Thank the authors for their detailed rebuttal. It addressed most of my concerns. Please incorporate these response during revision. I will keep my initial score.
We are glad to hear that we were able to address your concerns, We will incorporate the response to further improve our final version.
Dear Reviewer ujwE,
As the discussion deadline is approaching, we would like to kindly follow up on our recent rebuttal.
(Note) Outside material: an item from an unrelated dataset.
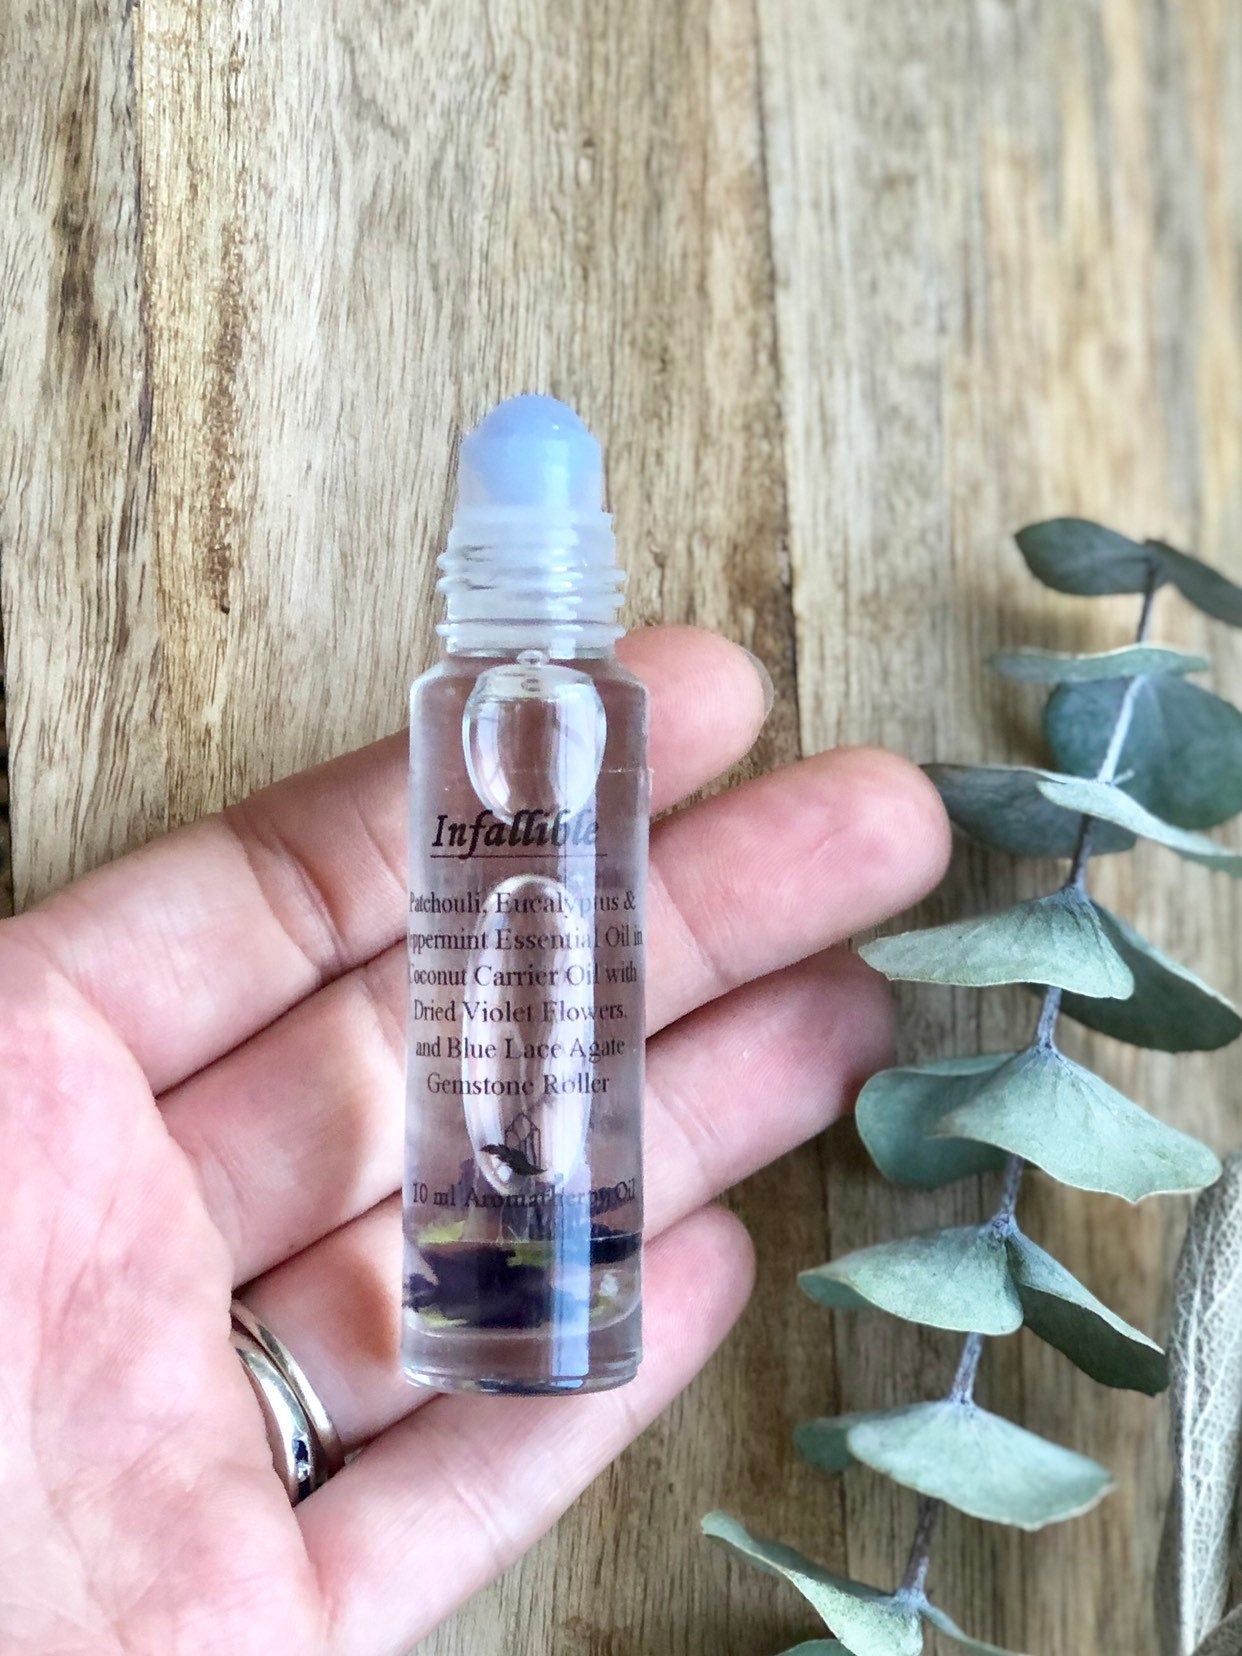 Custom Crystalline "Infallible" Essential Oil Roller - Patchouli, Eucalyptus and Peppermint with Sodalite Gemstone Roller

We greatly appreciate the valuable feedback provided so far, and we hope that our revisions and responses have addressed your concerns effectively. If there are any remaining questions or points that require further clarification, we would be more than happy to discuss with you. Your guidance would be immensely helpful as we move toward the final decision.
Thank you again for your time and consideration.
To reduce the costly-annotation in gloss labeling for sign language recognition, this submission proposes a gloss-free pseudo gloss generation method with a few example text-gloss pairs. The proposed method is very clear and easy to follow, and result is very promising. However, sign language as a low resource language, the result on sign language highly dependences the LLM. The submission received one borderline reject and three borderline accepts before rebuttal. However, after the deeply discussion between authors and reviewers, two reviewers increased their ratings, and this submission received one accept and three borderline accepts. All the reviewers reach a consensus of acceptance. The AC agree with the reviewers and recommend accepting this submission.